Casi todos los invitados acudieron a la cita. Los emperadores Halie Selassie e Hiro-Hito de Etiopía y Japón, los reyes menos encumbrados de los países del Benelux y de Escandinavia, y los de rango aún menor de Marruecos, Jordania y Nepal; el príncipe Carlos, heredero del trono británico, y una miscelánea de políticos diversos. Entre ellos, el picapleitos Spiro Agnew (a la sazón vicepresidente de Estados Unidos) y el presidente soviético, Podgorni, así como un representante del Politburó chino. Pompidou, el presidente de Francia, fue el único político europeo que decidió no participar en la celebración. Tal vez su reciente experiencia de las barricadas parisinas de mayo del 68 le había dotado de una visión de futuro más acertada que la de sus homólogos de otros países. Estaban asimismo presentes numerosas celebridades del mundo académico y de la pantalla, tanto de Estados Unidos como de Europa, entre ellas el distinguido politólogo británico sir Isaiah Berlin, cuyo vigoroso panfleto Two Concepts of Liberty («Dos conceptos de libertad») se había publicado recientemente en Irán y había recibido una acogida clamorosa de los cortesanos. El gran hombre dio una conferencia en Teherán con tal motivo. No se revelaron los honorarios que cobró.

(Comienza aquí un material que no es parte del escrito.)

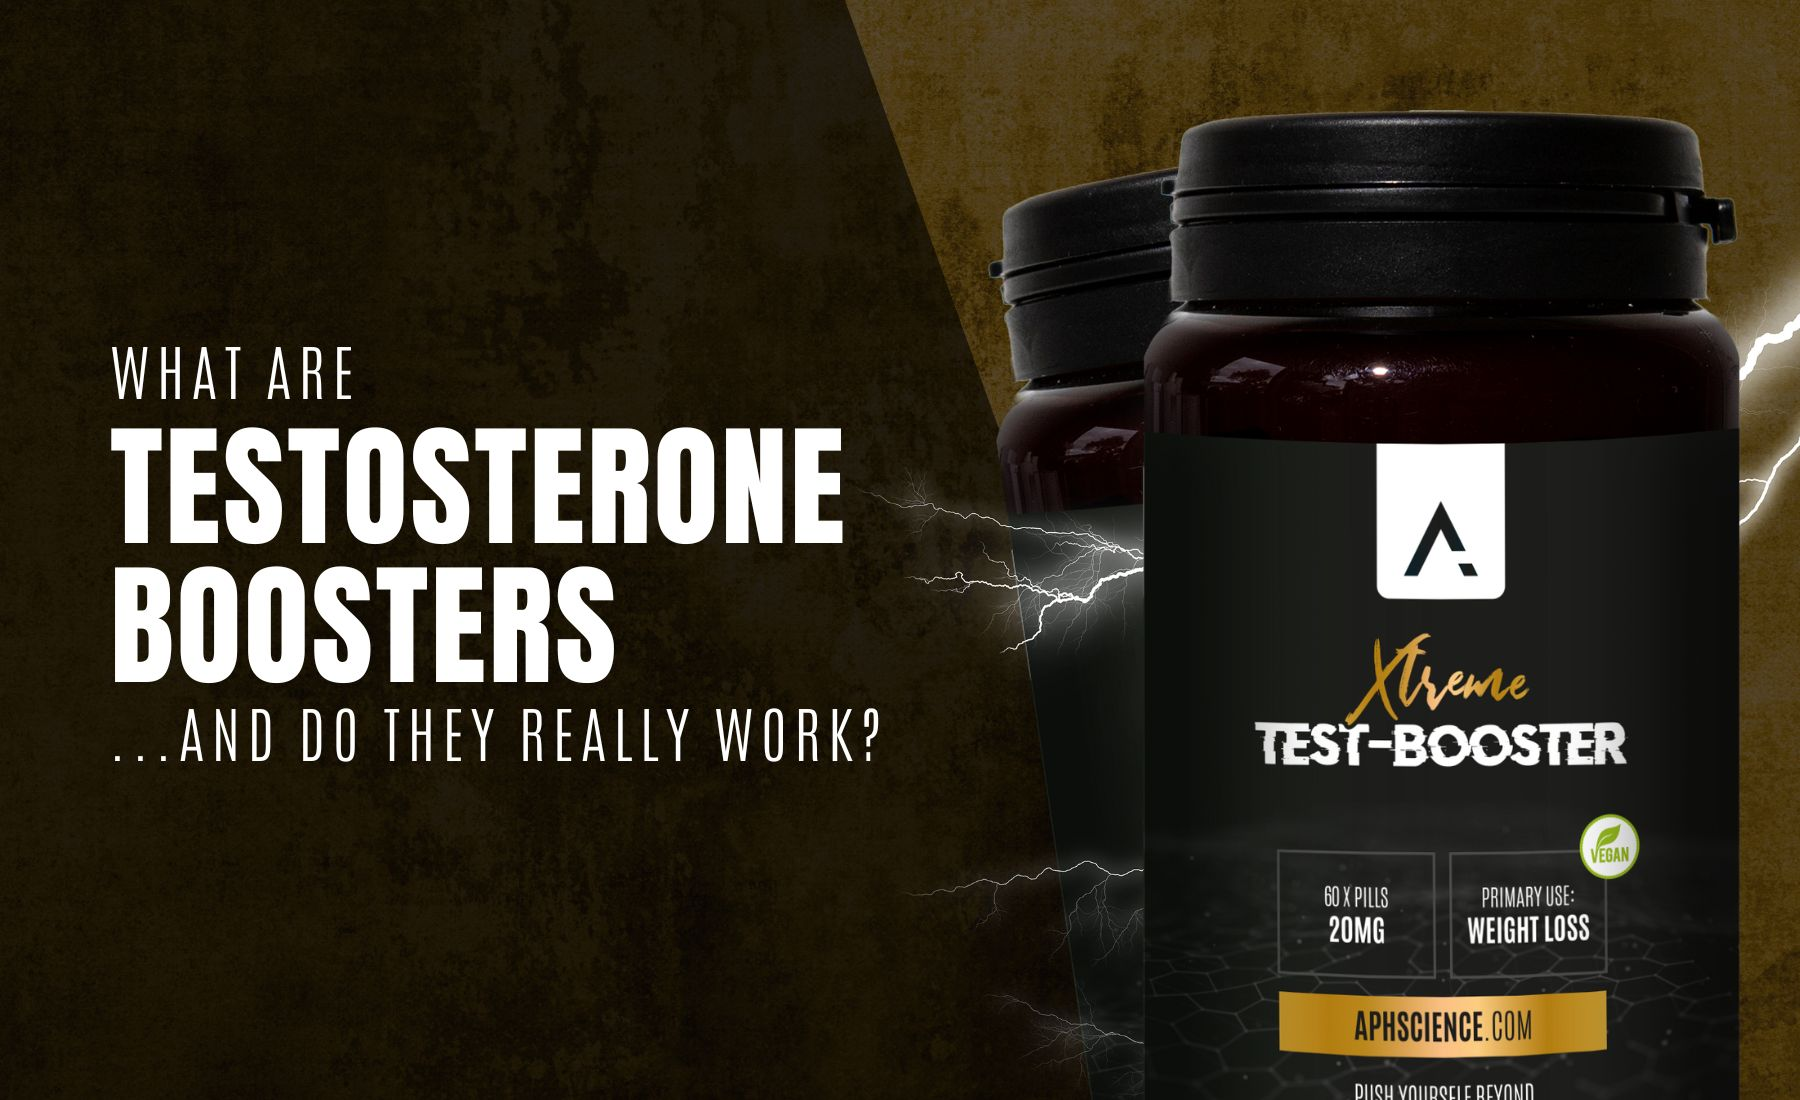 What are testosterone boosters and do they really work?

Según los medios de comunicación, los asistentes disfrutaron mucho del festejo. La comida y veinticinco mil botellas de vino se habían traído de París. El único ingrediente nacional del menú fue el caviar, procedente del mar Caspio. Los costes de la celebración ascendieron a la bagatela de 300 millones de dólares —incluidos, es de suponer, los «gastos» de las celebridades ajenas al mundo de la política—, una cantidad suficiente para alimentar durante varios meses a toda la población de un país tercermundista.
El momento álgido del espectáculo fue de puro estilo kitsch. Los invitados se quedaron mudos de asombro cuando los focos iluminaron al engalanado ocupante del Trono del Pavo Real en pie sobre la sepultura de Ciro. El Sha superó el miedo escénico para pronunciar la frase que había ensayado hasta la saciedad: «Duerme tranquilo, Ciro, que nosotros velamos»[1].

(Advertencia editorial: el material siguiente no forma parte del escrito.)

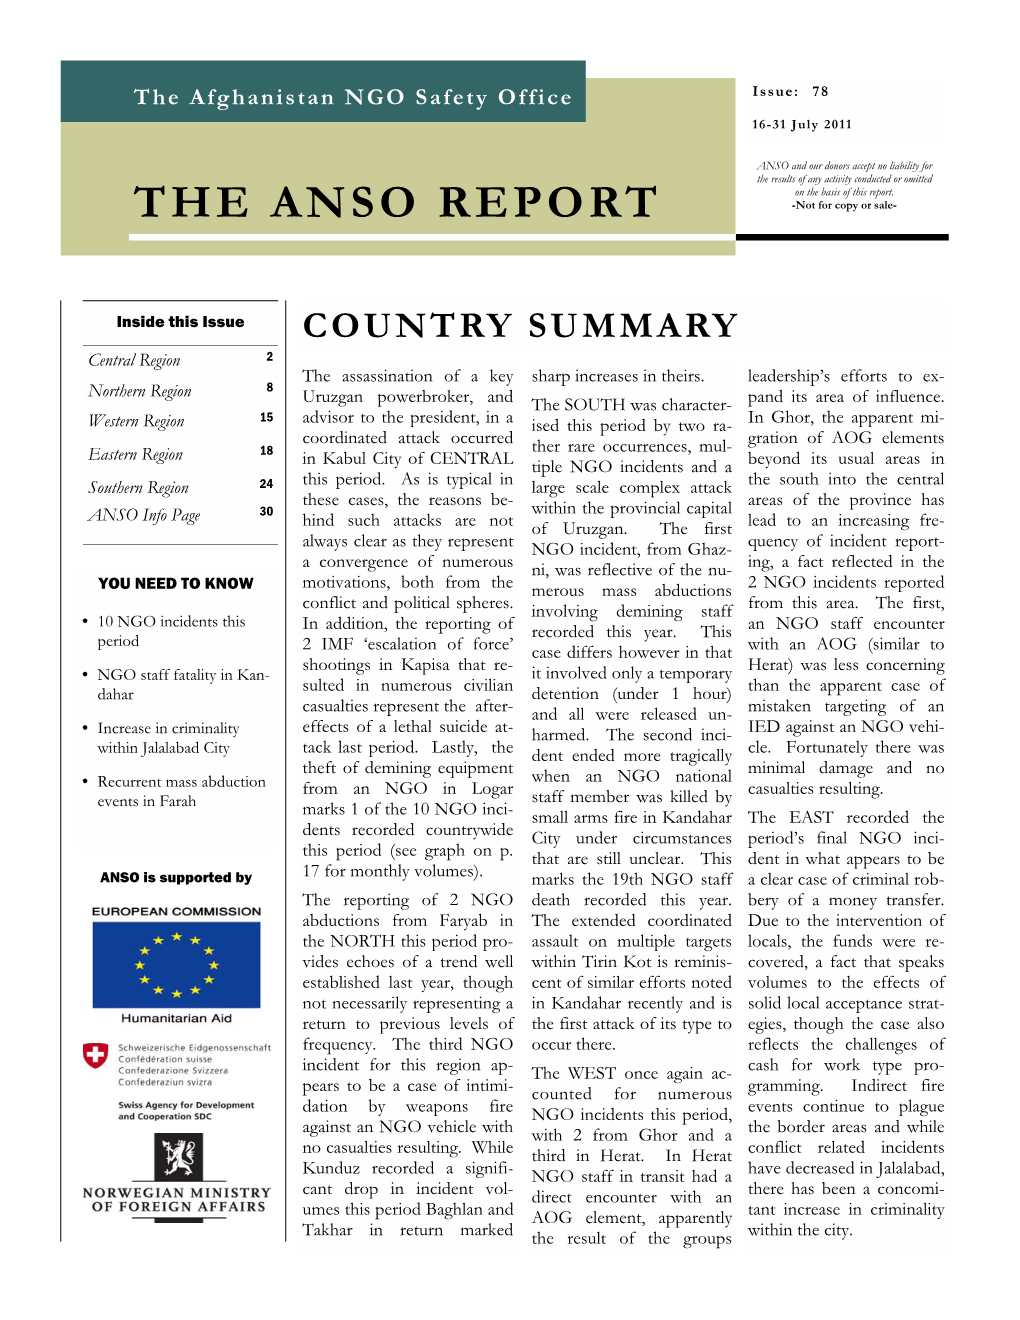 The ANSO Report (16-31 July 2011)

Al regresar al prosaico mundo de la universidad estadounidense, los emocionados orientalistas aseguraron que el viento del desierto comenzó a soplar cuando el Sha pronunció las palabras mágicas. No habían advertido que se fraguaban otros vendavales. Mientras el Sha agasajaba a los líderes de Occidente y Oriente, un clérigo iraní poco conocido fuera de su país lanzaba una agorera advertencia. Jomeini hizo sonar la alarma desde el exilio en Irak:
La agitación revolucionaria había ido cundiendo en Irán desde finales de 1977. En febrero de 1979, el triunfo de la revolución constituyó un paradójico fracaso. La lucha de las masas contra el gobernante brutal y corrupto apoyado por Occidente culminó con el derrocamiento de la monarquía. En el momento crucial, el ejército iraní se negó a abrir fuego contra el pueblo. Los regimientos especiales creados para reprimir los levantamientos se dividieron. La huida al exilio del Sha de Irán señaló el final de la dinastía más efímera de la historia del país. Se tomaron por asalto las cárceles. Los presos políticos, torturados y aturdidos, no podían creer que su causa al fin se hubiera impuesto.
Llevaban casi dos años de espera. Dentro y fuera de las cárceles se sabía que el Sha tenía perdida la batalla y que su abdicación sólo era cuestión de tiempo, pero el factor tiempo es esencial en las revoluciones. Puede determinarlo todo. Ahora había llegado el momento de liberar a los presos.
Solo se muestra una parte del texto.